Sunday morning and Michael IS glued to the television - to ITV1's The Championship. But, unlike managers and agents, he doesn't watch the players. He's looking at the grass.
"I never miss it. I look at how certain grounds are coping, those whose grass is good, those whose isn't. Often, on a Monday we (groundsmen) ring each other up and talk about pitches - our own and others."
"But, most of the time, we keep to ourselves - just certain ones you're that friendly with."
In fact, groundsmen from all over the Football League will be heading for Stoke City's Britannia Stadium on April 30 for a seminar, finding out what's new as well as trading ideas and keeping secrets.
"If I could make any changes now I would probably ask for a clear plastic roof on the South stand to get more sun through - like they've got at Arsenal's new Emirates Stadium. To be fair, they did move the whole of our Arena about ten degrees to allow more light in. And we also have airflow corridors around the stadium to allow more airflow around the stadium bowl."
Michael shrugs his shoulders in an air of resignation. But he's not complaining. The days when they had a mower or two, rollers and forks are long gone. At this level in soccer it's much more high tech and he laughs when he admits to "constantly asking for new and better equipment". Do they listen to his pleas? "Sometimes, sometimes not."
He's constantly checking there's no disease on his grass, in case it is stressed or suffering from leaf spot which stunts growth - and then there's microscopic worm and heat exhaustion.

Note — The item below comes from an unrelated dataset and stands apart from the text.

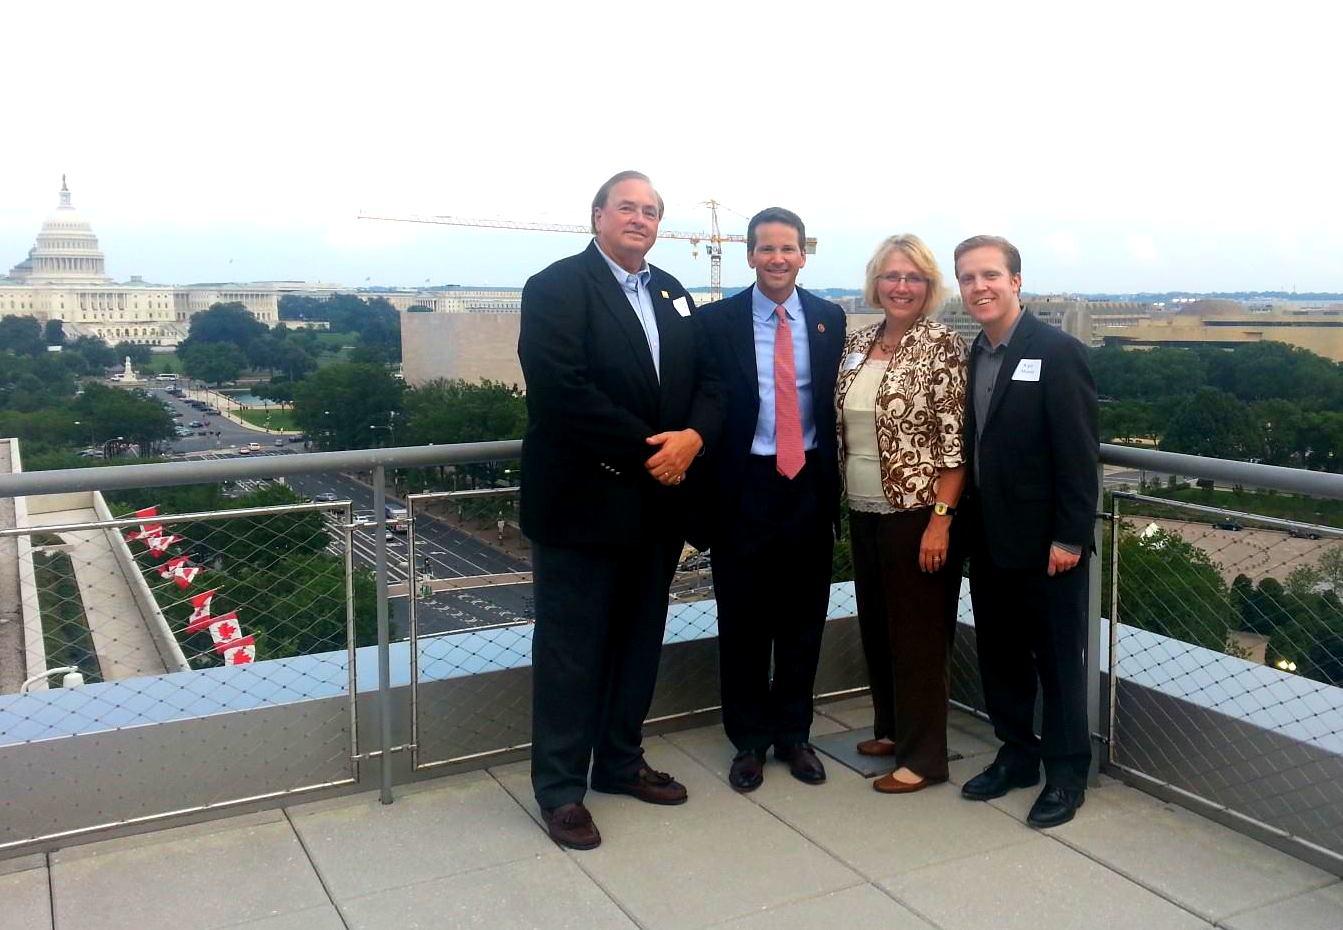 GREDF President Talks Critical Issues During Washington, D.C. Trip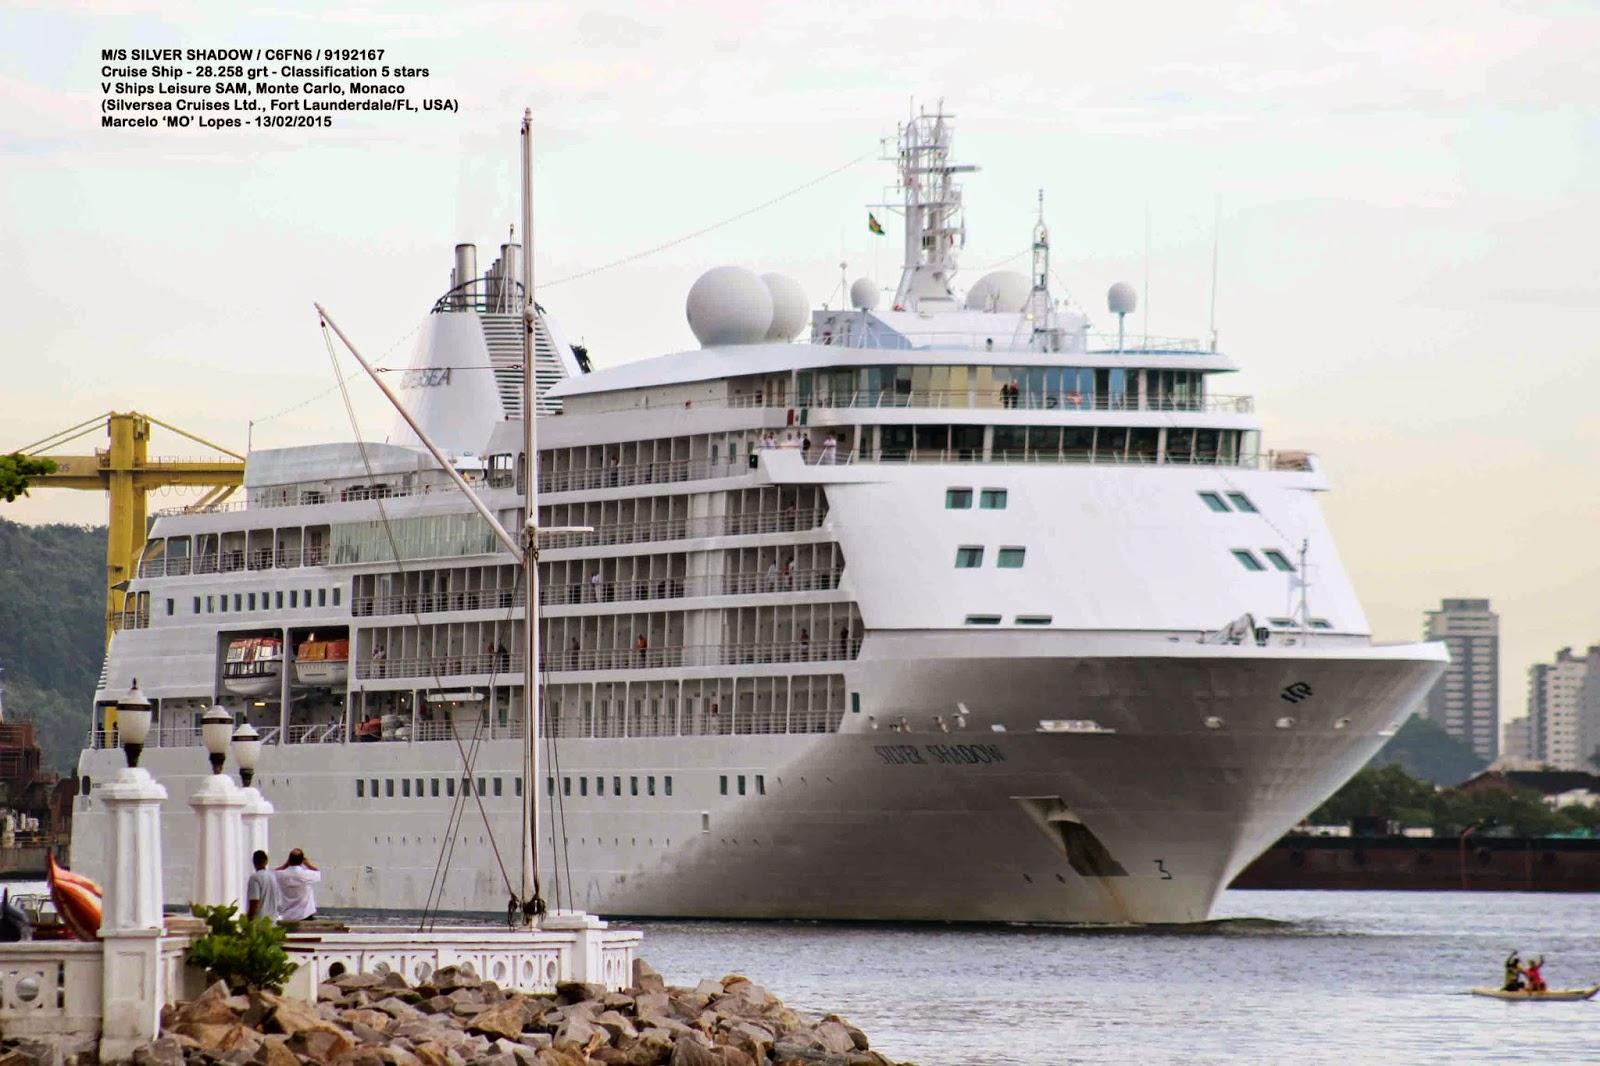 Santos shiplovers m s silver shadow c6fn6 cruzeiro de for Mariotti arredamenti srl genova

New laser guided technology means that marking the pitch out is simpler than it used to be.
Managers today want to practice more on the pitch itself and yet have more quality in the surface. But you won't hear any complaints from this Grounds Manager.
"Chris Coleman is fantastic to work with and leaves all the pitch-related stuff to me. That's great and how it should be. Makes it so easy."
It is the ultimate labour of love.
And, for those of a certain age and beyond, you might well remember that BBC Match of the Day once made great play when covering a game at Highfield Road that something was different.
Some managers want the grass cut in strips or blocks. But Michael Finch was the man who brought us circles - it was cut in a mesmerising circle after circle, absolutely perfect fanning out from the centre spot.
I had long wondered why ? To distract the opposition in some way, to mark the club out as different - or for the then newly crowned Highfield Road groundsman to stamp his style?
The answer is much simpler. "I got bored one day, that's all."
Michael Finch was off. Two rugby pitches to prepare, four place kickers to supervise and then a week to get the surface 'just so' again for the visit of promotion hopefuls Reading on the 4th April who will, like most visitors, cast covetous eyes over Michael's handiwork.